Amber Genova, of Spring Gulch, a neighborhood near Lyons, CO removes flood damaged belongings while clearing out her storage unit, Monday, Sept. 23, 2013, at Storage West Self Storage in Longmont. The Genova’s home near Lyons was not damaged by the flood. (Matthew Jonas/Times-Call Newspaper)


When is a good time to use storage facilities? Sometimes the answer is never, but sometimes the answer makes sense.

Before you start making monthly payments on self storage space (on items you don’t remember you even have and for decades!), ask yourself:

1. Why do I need to keep it in the first place?

DECIDE: Sometimes people use “storage” as a way to ignore items and put off decisions on what to do with their, or other’s, stuff and things.

Ask yourself, “If my house burned down, and this item was gone forever, would I even remember I’d had it or would I miss it?” If the answer is no, then just move it out now – donate, sell or give away.

EVERYTHING HAS A SHELF LIFE: Also, realize that some things, left too long in outdoor, non-controlled climate storage, don’t last that long. Rubber, plastic, wax, fabric, even wood changes, and not in a good way!

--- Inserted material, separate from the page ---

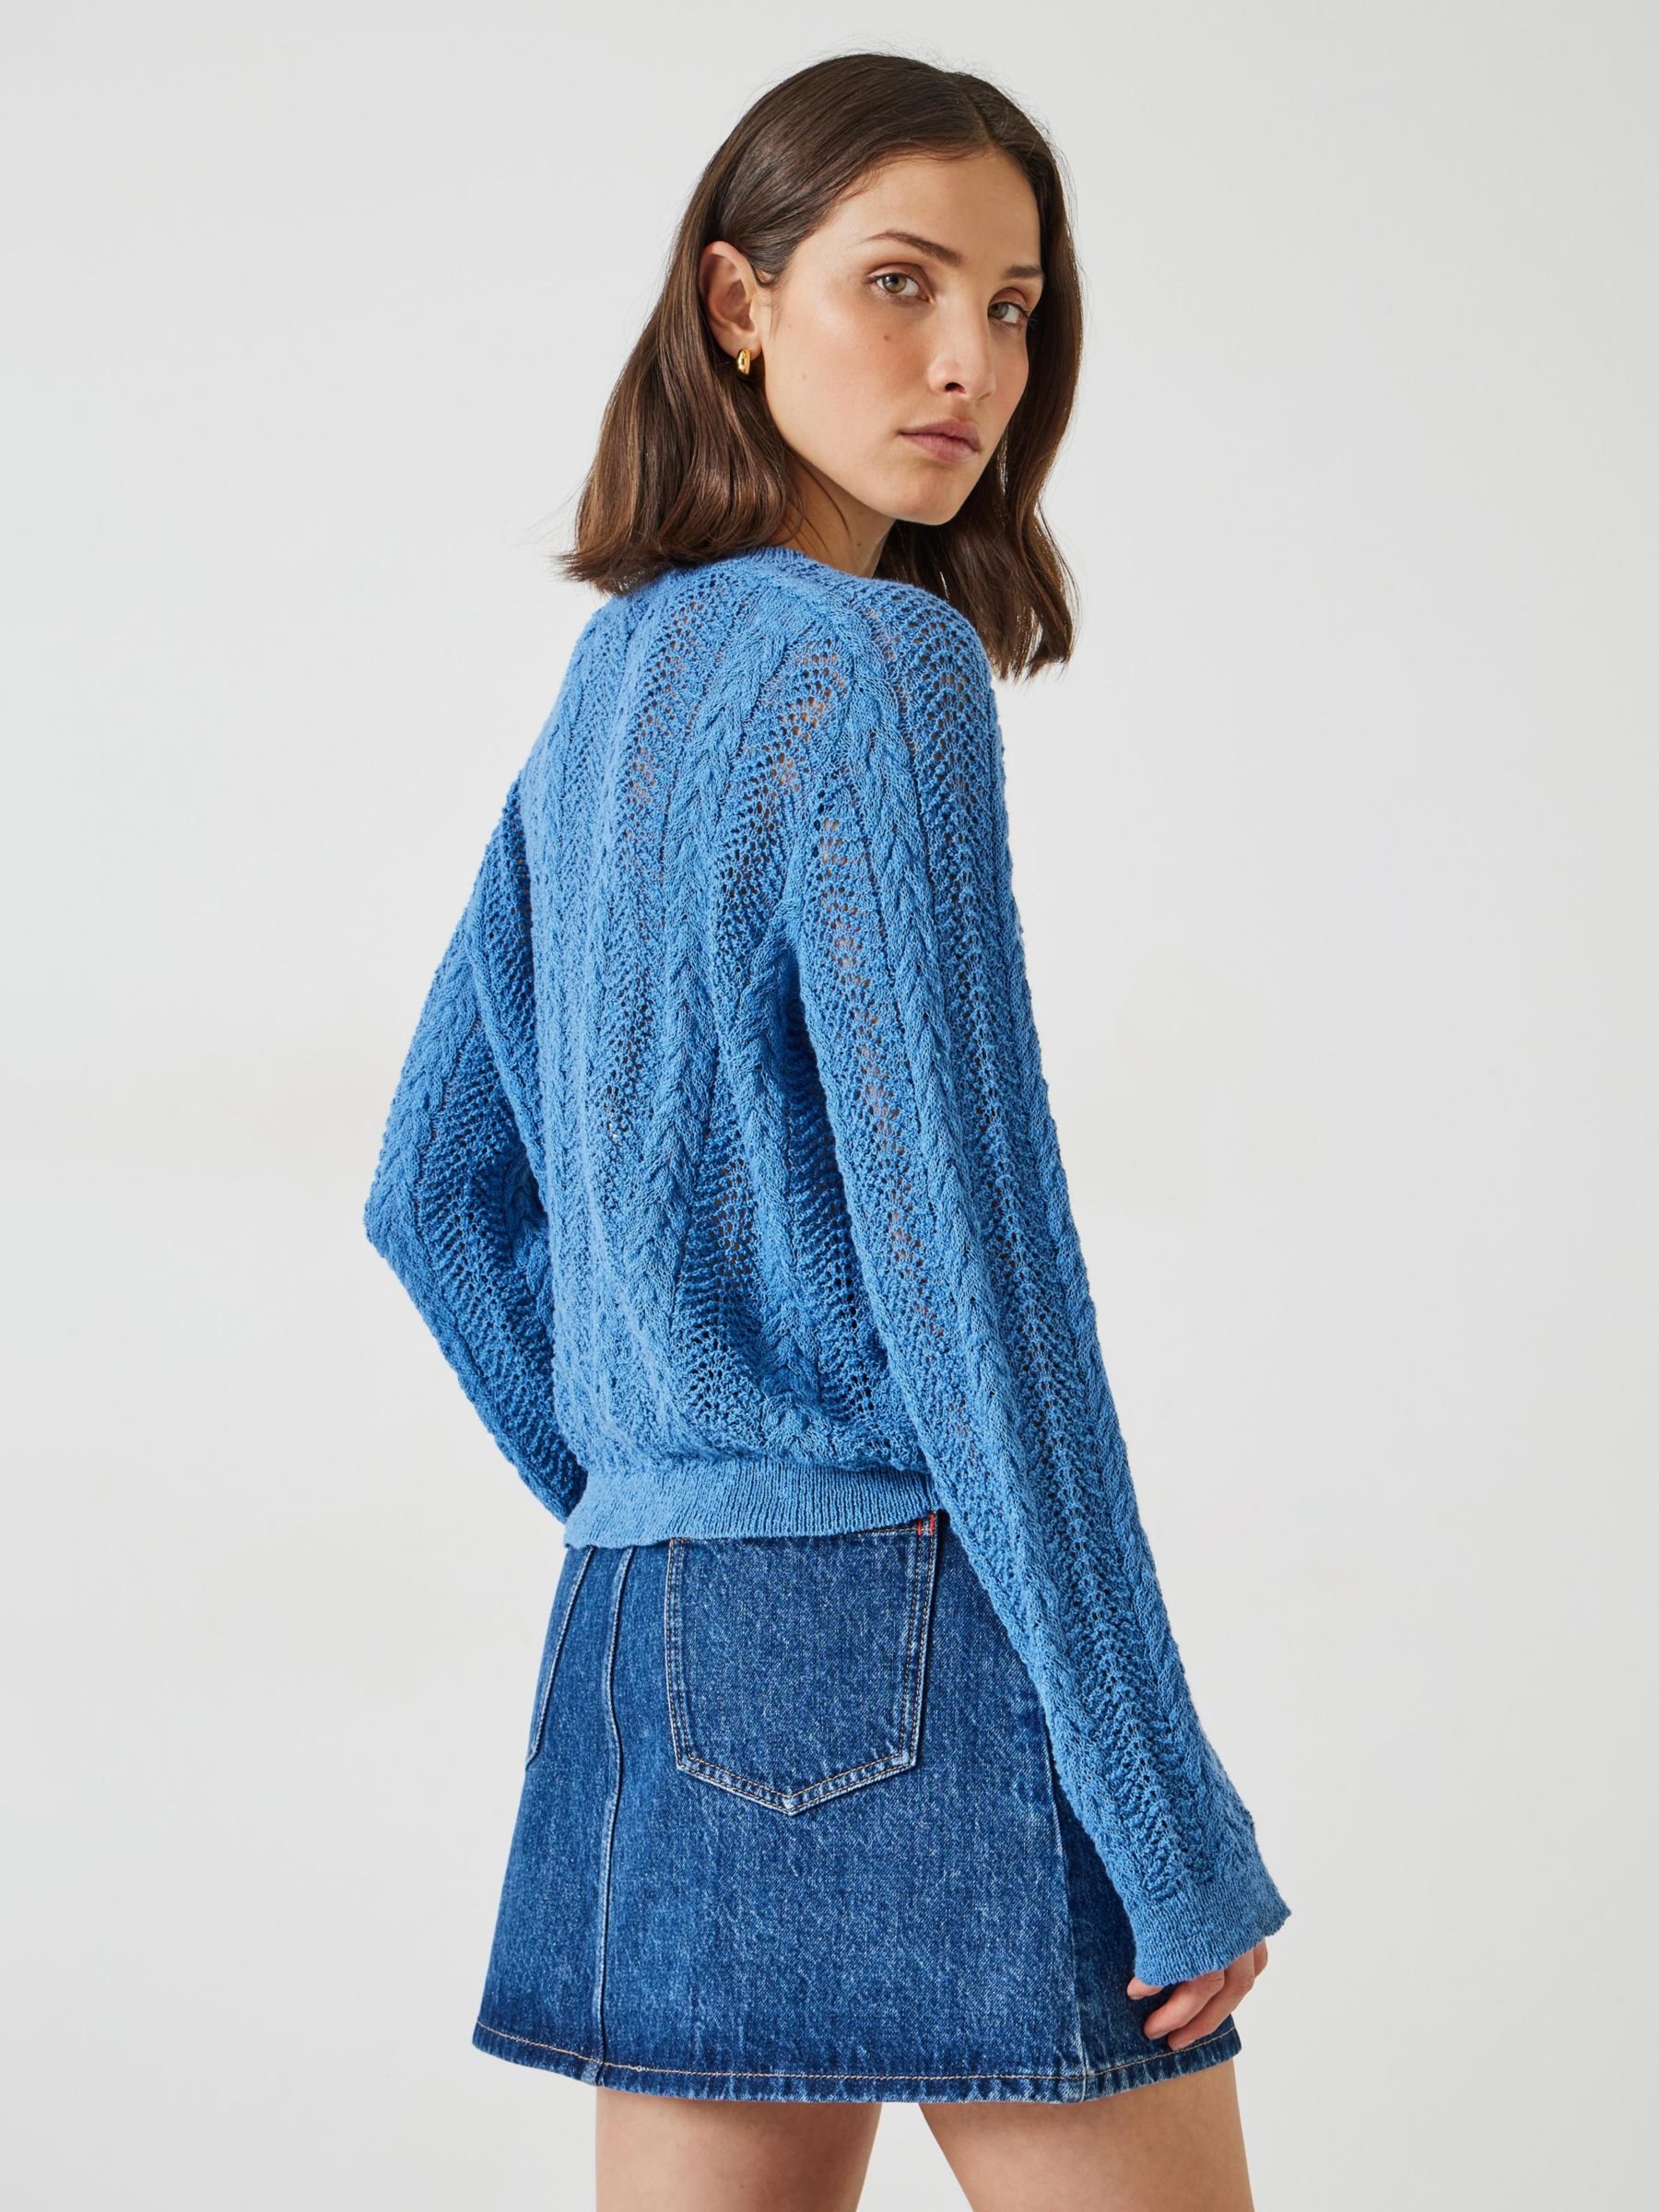 Buy HUSH Dot Open Stitch Cable Crew Jumper, Blue Online at johnlewis.com

DON’T PACK YOUR EMOTIONS IN STORAGE: If you’re keeping it purely due to sentimental value, or emotions, maybe take a photo of it, but let the item go. Keep the photo, display it well to remember the memory.

So, if you reeeeeeeeally think you have to keep it, keep asking yourself more questions to decide.

2. Can I wait and just keep it in the basement or garage and make other decisions on it soon?

3. Is the cost–often $100 or more a month– justified for what I want to store?

Old furniture with little value, for example, can be replaced with new pieces for the cost of a year or two of self storage. If you have too much clutter in your home, consider getting rid of things rather than paying to keep clutter out of sight. However, self storage does make sense in certain circumstances.

4. Add up the numbers. How much will this have cost me in 12 months from now? Could I have used that money for something better?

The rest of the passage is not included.